Ibai, London EC1: ‘A swanky restaurant that lacks any pomposity’ – restaurant review | Grace Dent on restaurants

Ibai, London EC1: ‘A swanky restaurant that lacks any pomposity’ – restaurant review | Grace Dent on restaurants

I developed a soft spot for the place even before I’d finished my first drink

Despite being one of the loveliest parts of London, the area around St Paul’s Cathedral is not especially known for eating out. Winding lanes, cobbled streets, ancient history standing side-by-side with spanking new architecture … And now Ibai, a short walk from Little Britain, as mentioned in Great Expectations, and next door to the wildly underrated 901-year-old church of St Bartholomew the Great. Tourist-level prettiness: 100%. Actual tourist draw in peak-season August: zero. Not even the pigeons bother lingering around here.
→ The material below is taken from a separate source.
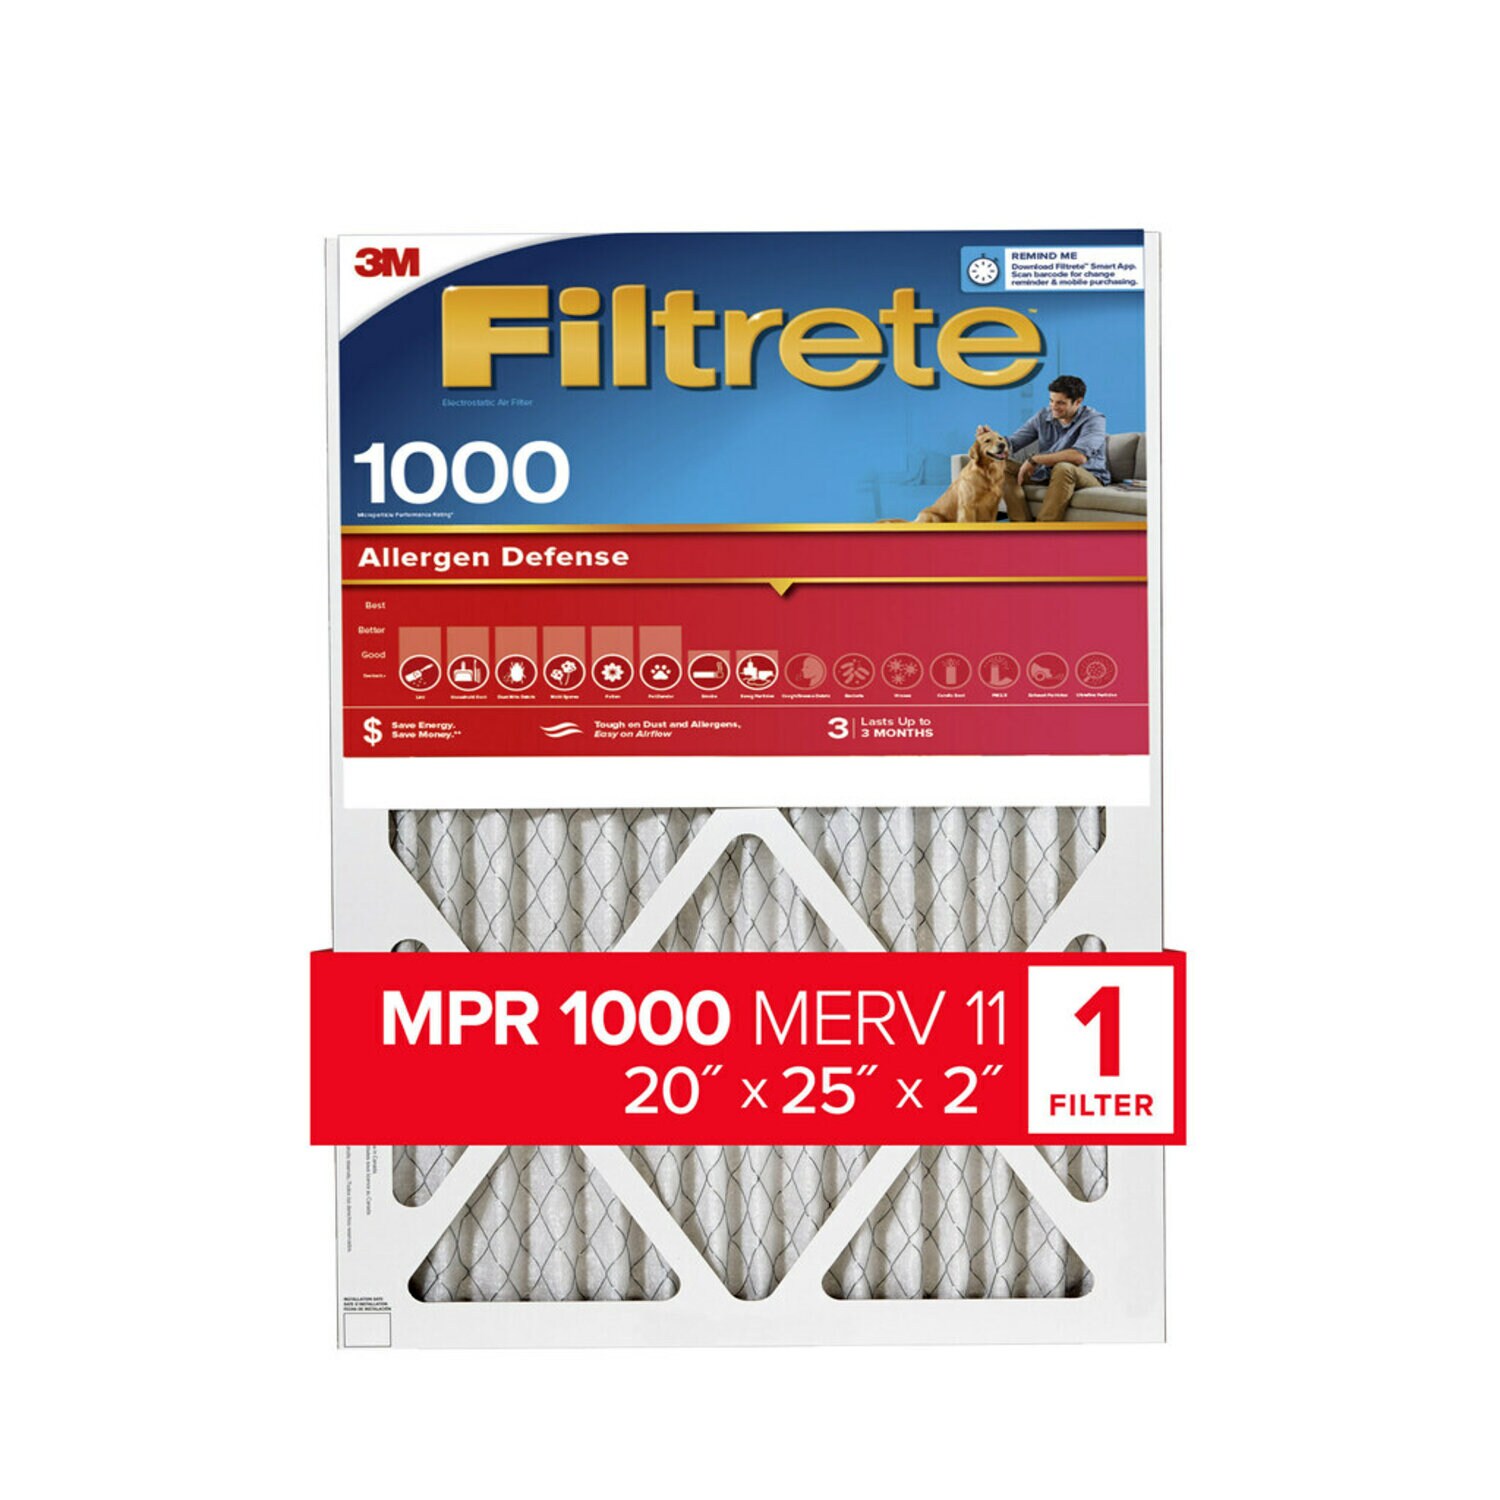 7100270578 - Filtrete Electrostatic Air Filter 1000 MPR NADP03-2IN-4, 20 in x 25 in x 2 in (50.8 cm x 63.5 cm x 5 cm)

Specialising in Basque cuisine and serving from noon until 10pm Monday to Friday, Ibai is a brooding, gothically dramatic jewel of an 80-seat restaurant. It is capacious, as a former warehouse tends to be, with rich oak colours, crisp, white tablecloths and several vast, convivial booths for group dining. It’s sort-of industrial, sort-of fancy pirate ship and definitely striking, a mood helped very much by the fact that our Spanish server had a resplendent Salvador Dalí moustache and took our orders in the manner of Terry Gilliam in Monty Python’s Spanish Inquisition. If the food had turned out to be atrocious, I’d still go back to Ibai, because I developed a massive soft spot for the place even before I’d finished my first drink.